Celui-ci prend l’eau et la flaire et lui trouvant une mauvaise odeur, il frappe la femme qui tombe à terre quelques pas plus loin :

  • Comment, s’écrie t-il, je te demande de l’eau et c’est une telle saleté que tu m’apportes !

  • Oh ! Mon ami, répond la femme, il n’y a plus d’eau dans le pays. Avant d’en avoir de nouvelle, il nous faut sacrifier une fille de roi.

  • Eh bien, va, ordonne Samba. Montre-moi le chemin du fleuve

  • Je vais aller abreuver ma jument sur-le-champ !

La captive s’effraie :

  • j’ai peur d’aller au fleuve, dit-elle. Demain, le roi verrait la trace de mes pas sur la route, et il me demanderait :

« Pourquoi y es-tu allée, puisque je l’ai défendu à tous ? ».
Samba se fâche :

  • Si tu refuses de me conduire, menace-t-il, tu vas périr de ma main ! Prends le licol, Doungourou, et passe-le au cou d’Oumoullatôma.

  • Et toi, femme, marche devant moi.

Le captif se met en marche, menant après lui la jument. La femme leur montre le chemin :

  • Il mène tout droit au fleuve, dit-elle.

Samba, qui a pitié de sa frayeur, la remercie et la laisse s’en retourner.
Samba a marché jusqu’à ce qu’il arrive au fleuve. Il ordonne à son captif de se déshabiller et d’entrer dans le fleuve avec la jument pour la baigner.
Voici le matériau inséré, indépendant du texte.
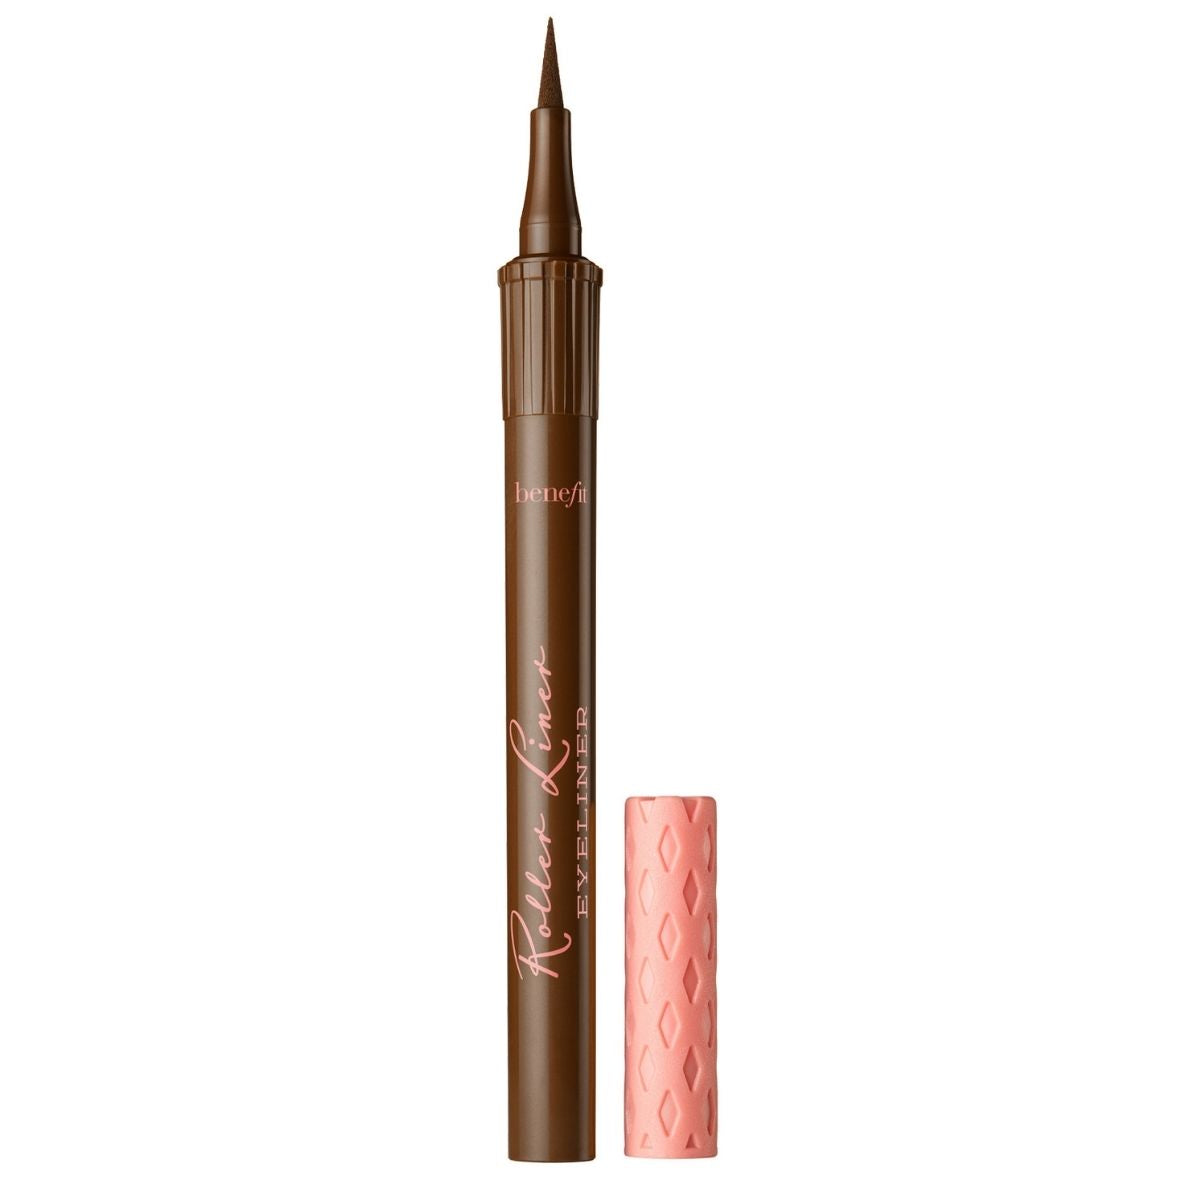 Benefit Roller Liner Eyeliner Pencil

Le captif se dépouille de ses vêtements et entre dans l’eau. Et, aussitôt, du milieu du fleuve, Niabardi Dalla, le caïman, les interpelle :

  • Qui va là ? Crie-t-il.

  • C’est un nouvel arrivé, lui répond Samba.

  • Eh bien, le nouvel arrivé, que viens-tu faire ici ?

  •  Je viens boire !

  • Si tu viens pour boire, bois seul et ne fais pas boire ton cheval !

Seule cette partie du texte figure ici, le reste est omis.